- _What to work on_
Retype, without pictures, the line holding "Lifetime Children's Oval" and each line below it through the final line.

[Provided data Boundary: Start]

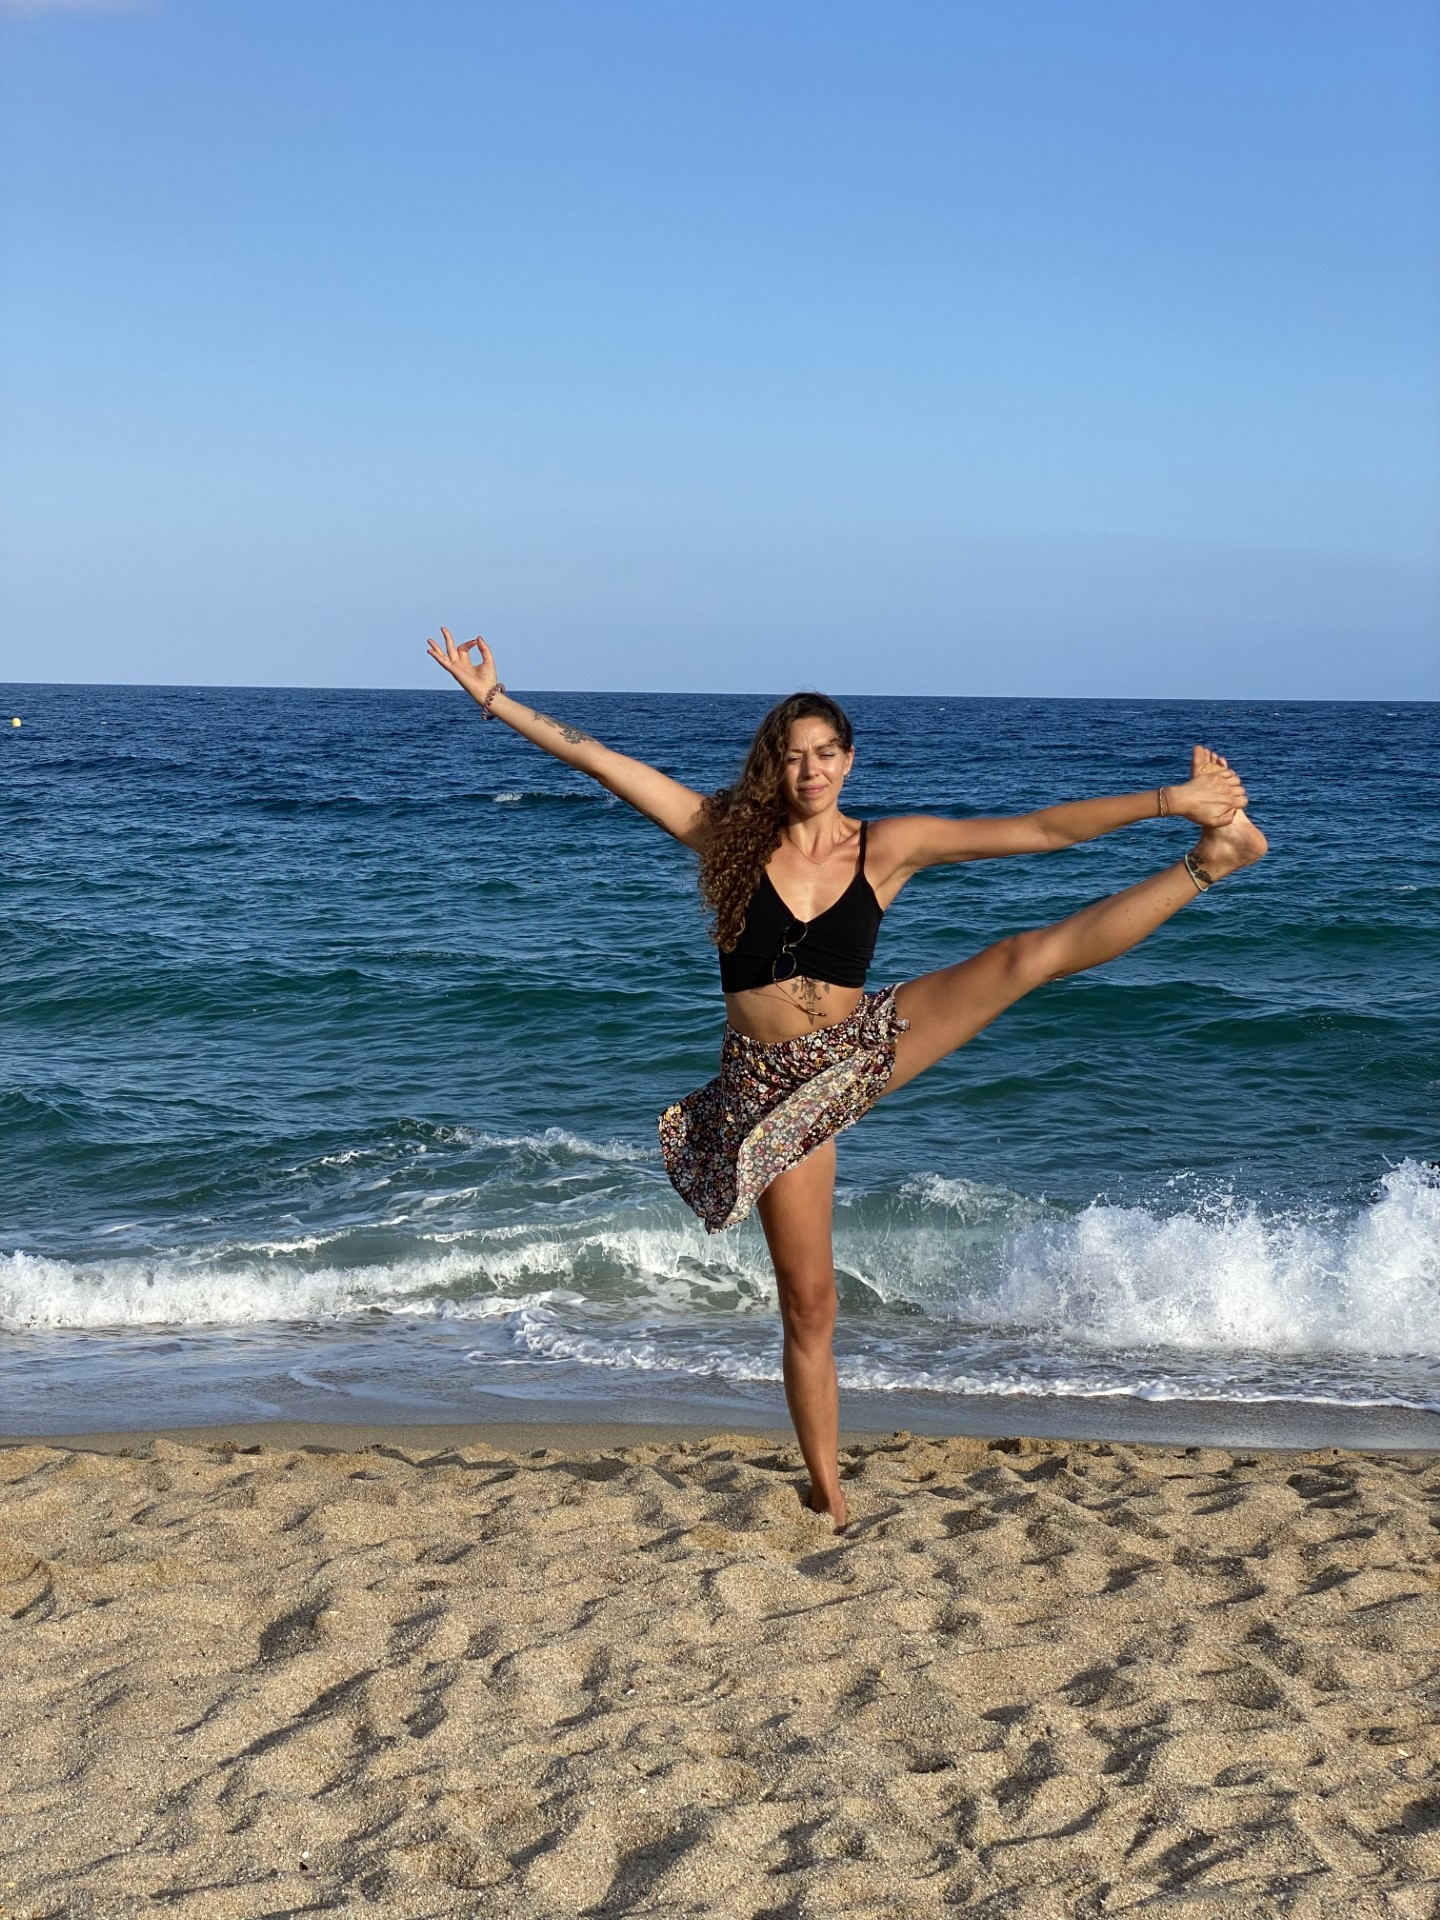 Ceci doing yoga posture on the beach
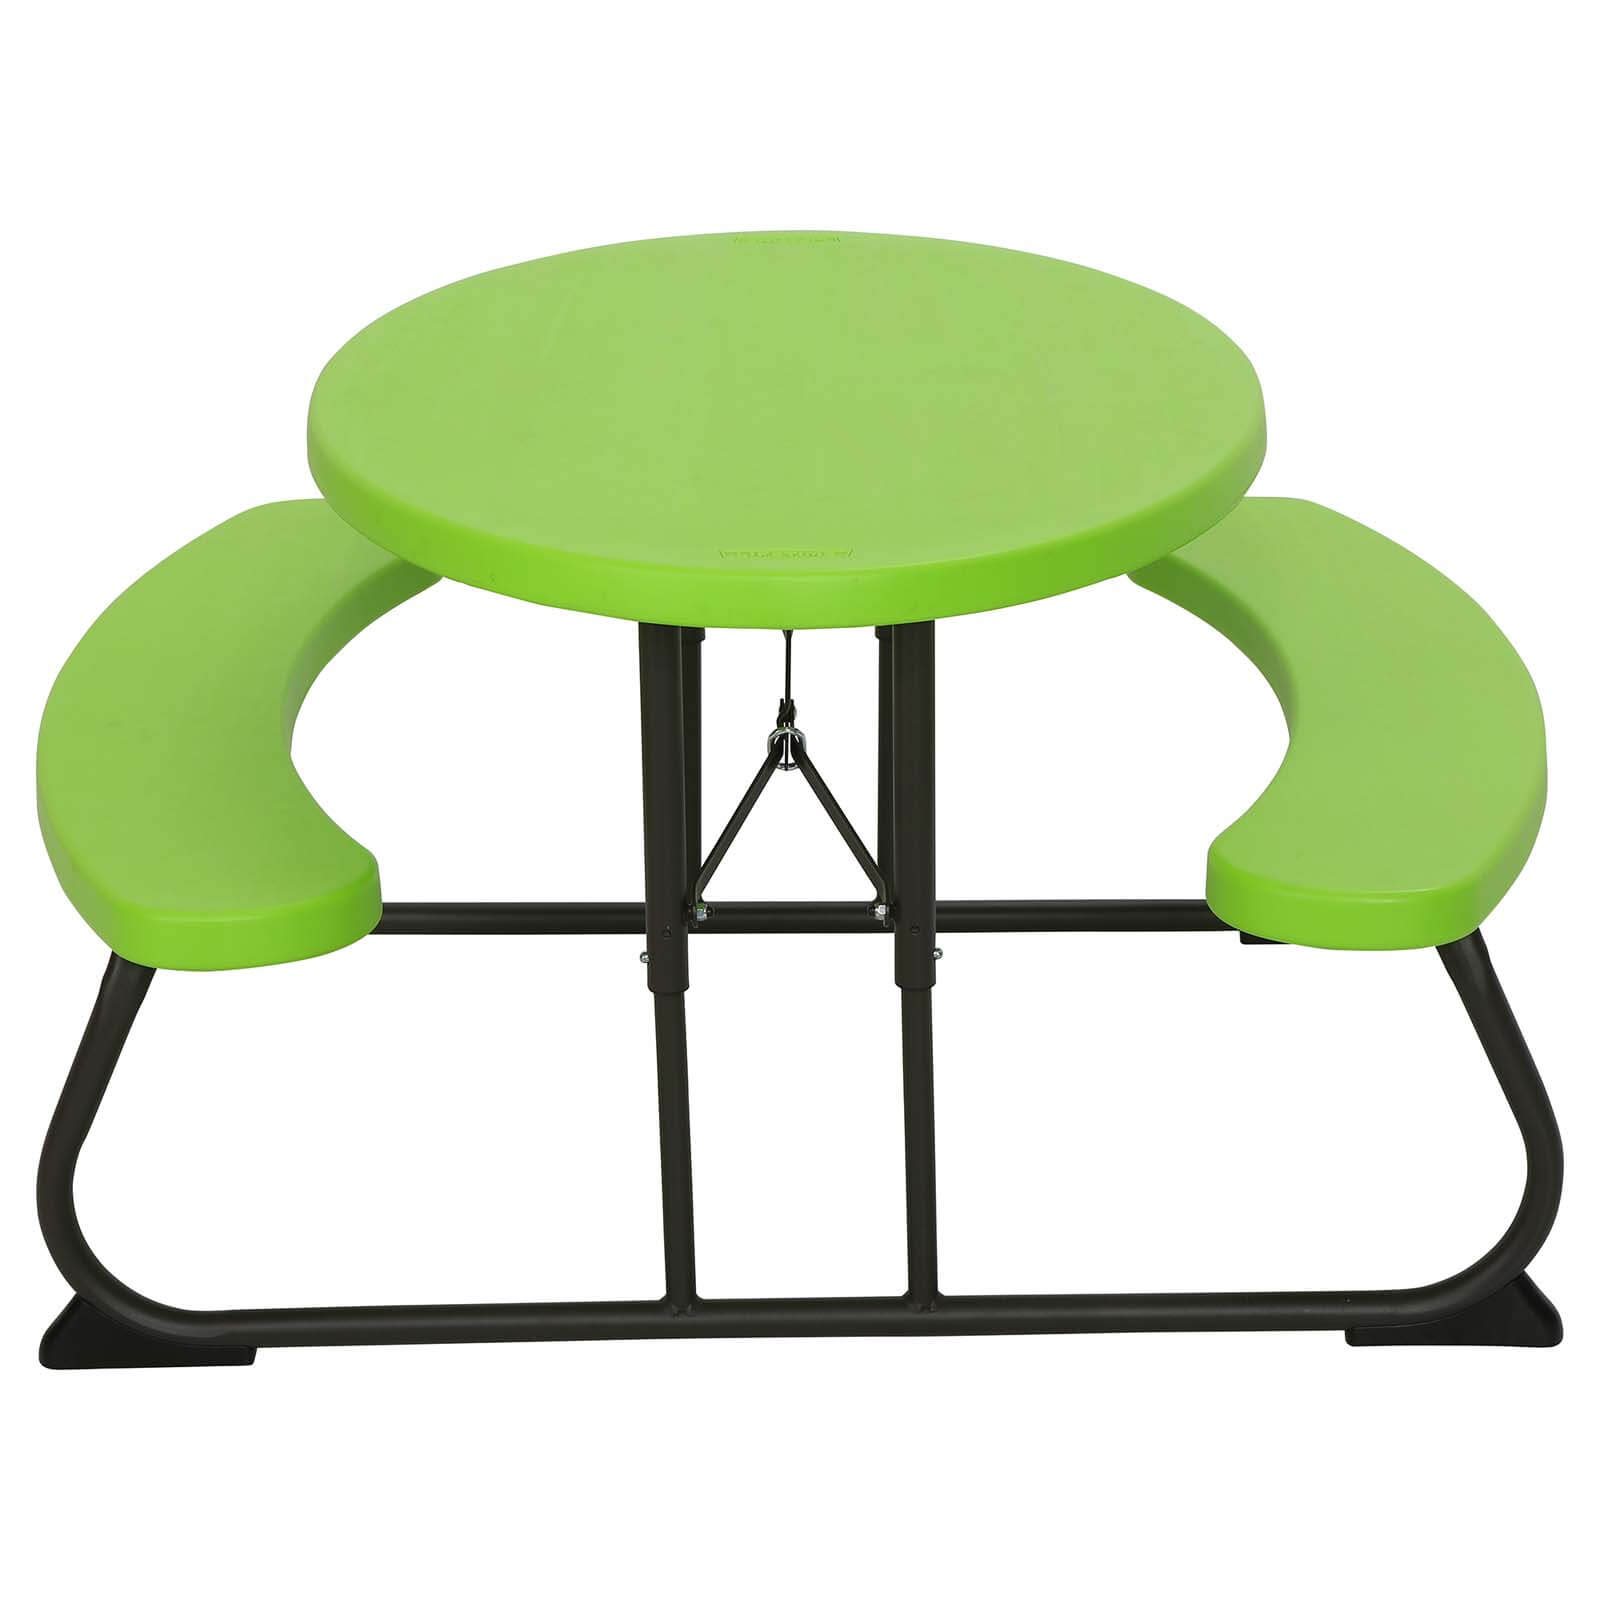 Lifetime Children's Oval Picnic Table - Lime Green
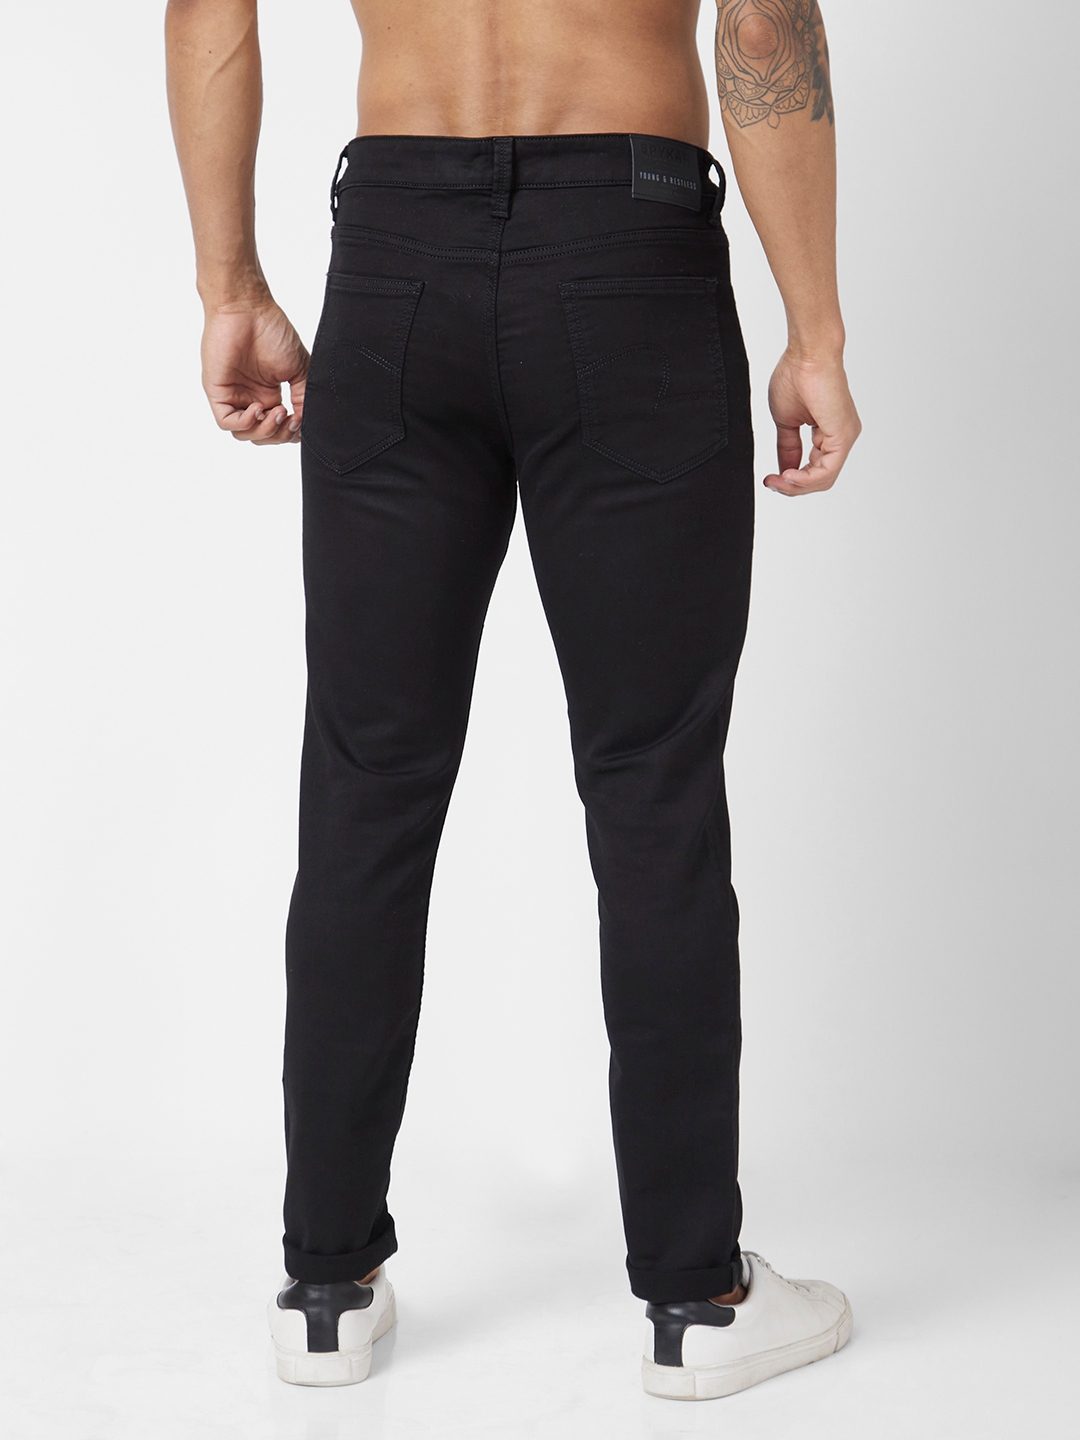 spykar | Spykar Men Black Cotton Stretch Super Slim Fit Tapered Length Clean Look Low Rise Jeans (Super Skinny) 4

[Provided data Boundary: End]

- _Result for this task_
 Lifetime Children's Oval Picnic Table - Lime Green
 spykar | Spykar Men Black Cotton Stretch Super Slim Fit Tapered Length Clean Look Low Rise Jeans (Super Skinny) 4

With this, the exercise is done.